At the moment, given the definition above, I can’t think of anything other than hyperbaric environments that would be covered under the new requirements, but I’ll keep my ear to the ground and pass on any information that seems worth sharing; beyond that, I would do an analysis of equipment for hyperbaric therapy and go from there.

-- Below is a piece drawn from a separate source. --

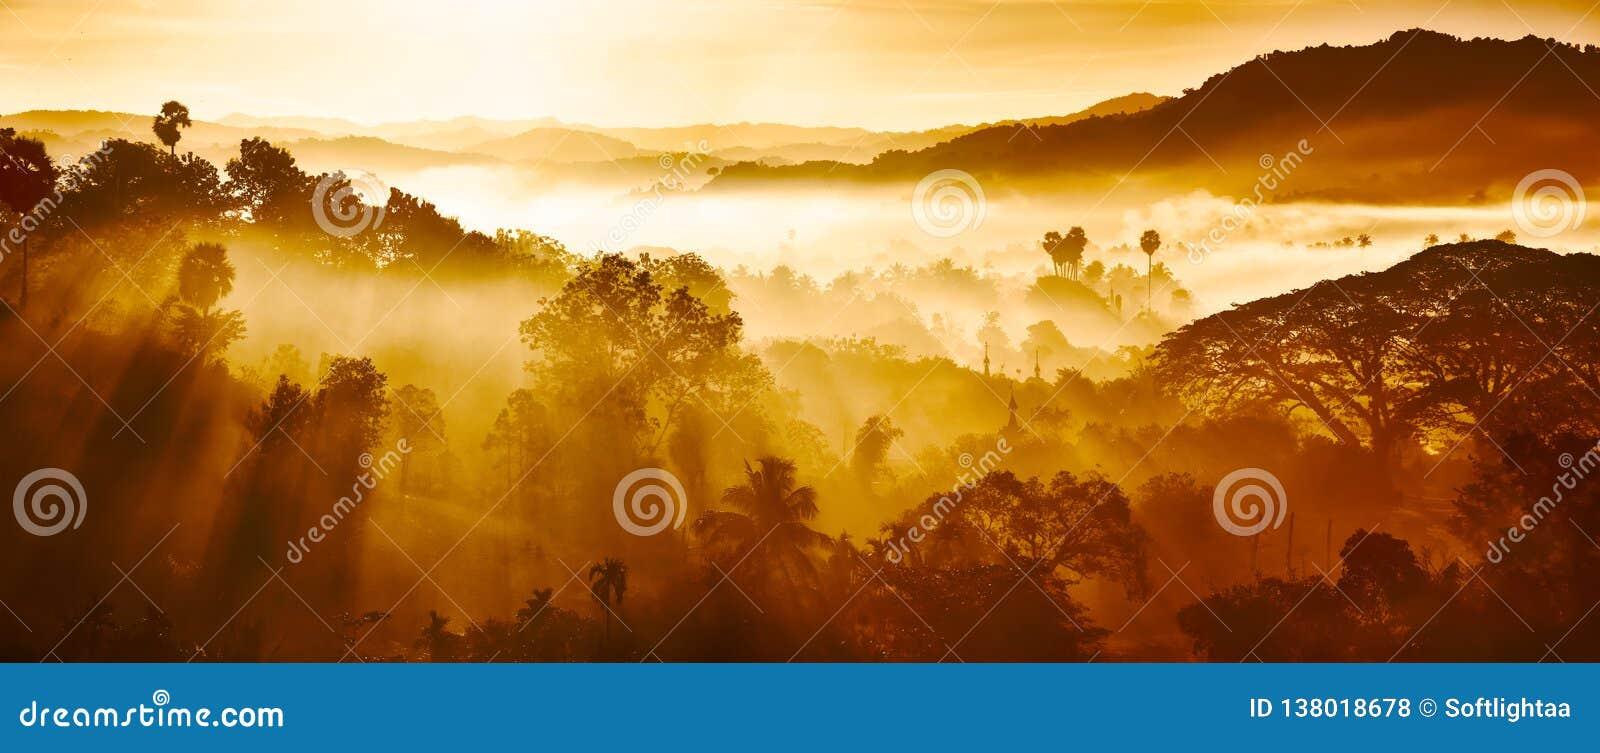 Mooi Landschap van bergen en regenwoud in de vroege stralen van de ochtendzon en mist in Myanmar
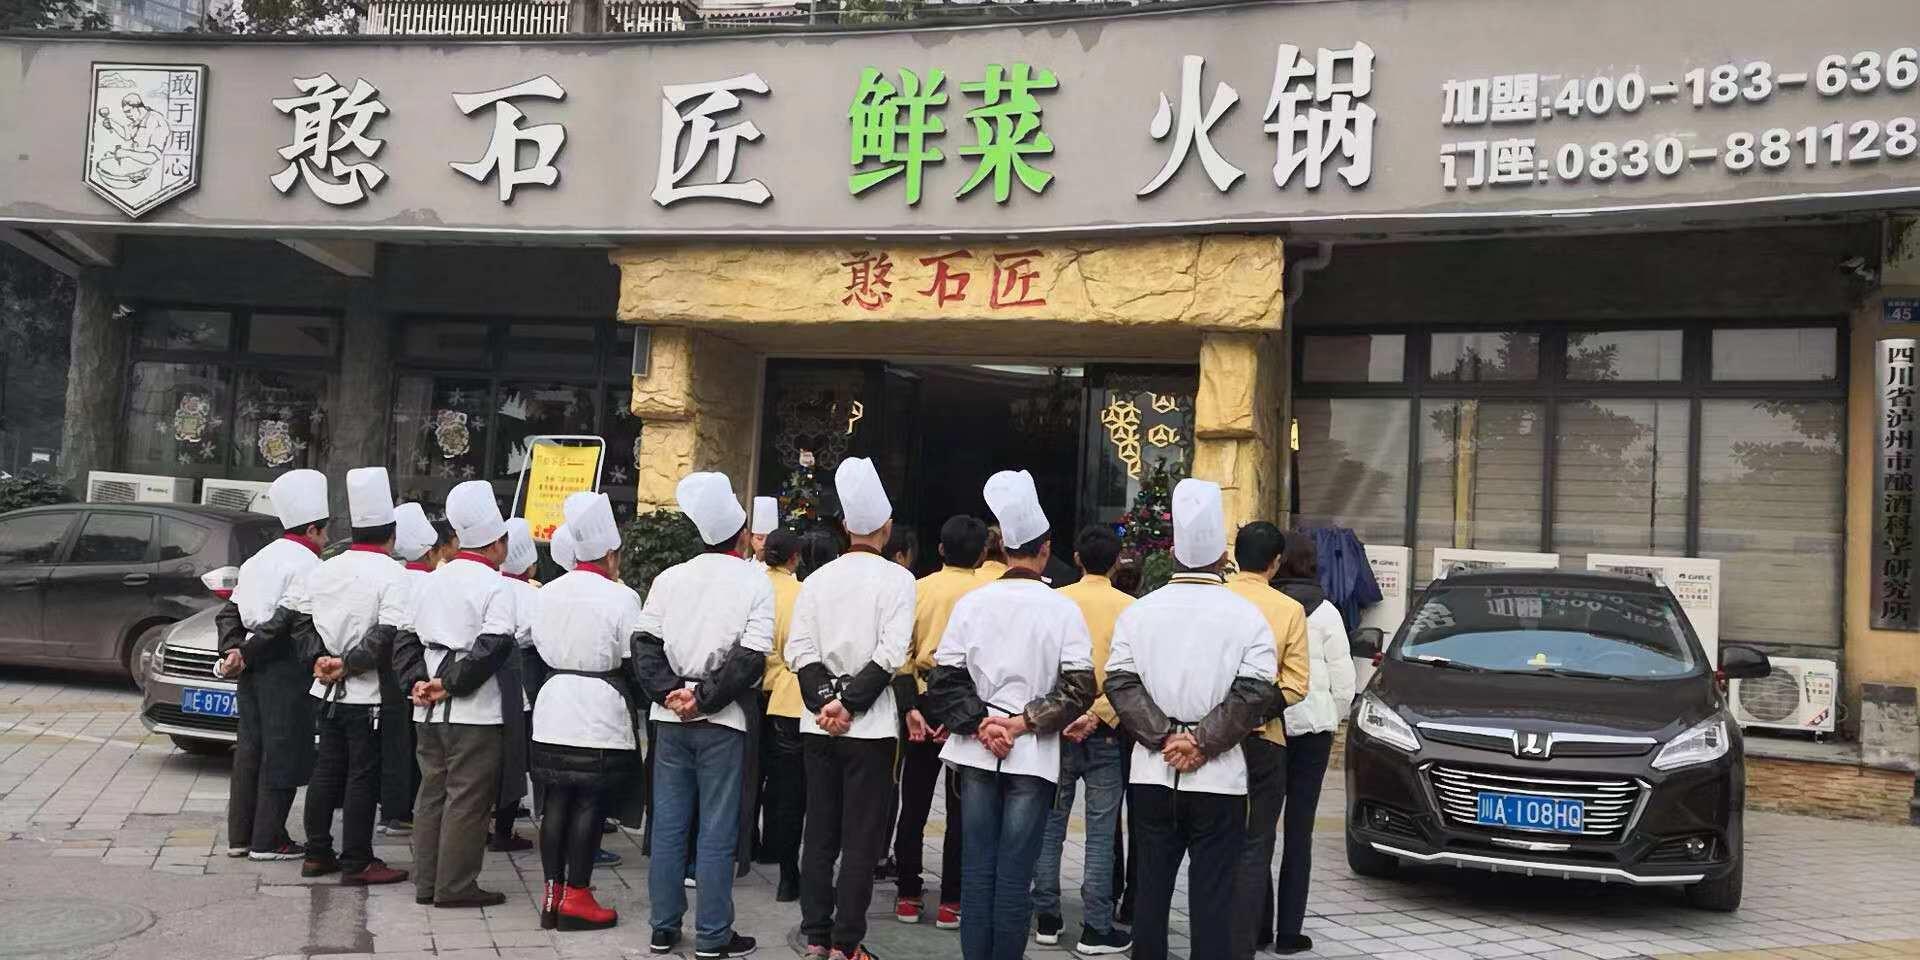 火锅加盟的几个重大的好处_憨石匠鲜菜火锅加盟

When we consider how we’re going to make this happen (if it isn’t already; I’m thinking/hoping that the gas equipment suppliers are paying attention to the new rules), at the end of the day, compliance with Joint Commission standards and performance elements rests solely in the hands of the organization. Again, presumably/hopefully/expectantly, the vendors from whom you obtain medical gases, equipment, etc., will be familiar with the requirements as they are based on the currently adopted/approved version of NFPA 99, as well as the requirements of the Compressed Gas Association (CGA). I would reach out to them to see what their plans are for compliance, remembering that (at least for the moment) the new requirements apply only to the gases and equipment used in oxygen-enriched atmospheres. I suspect that there will come a time when all related equipment, etc., is similarly labeled, but you may find that in the short term that you will have to keep a close eye on equipment used in surgery, hyperbaric oxygen, etc., to ensure that everything is as it should be. The general concept of not using oil on oxygen equipment is not new, so it may be that this is not going to be as big a struggle as might first appear. I’d be interested in finding out what you learn from the vendors you’re using, just to establish a baseline for advising folks.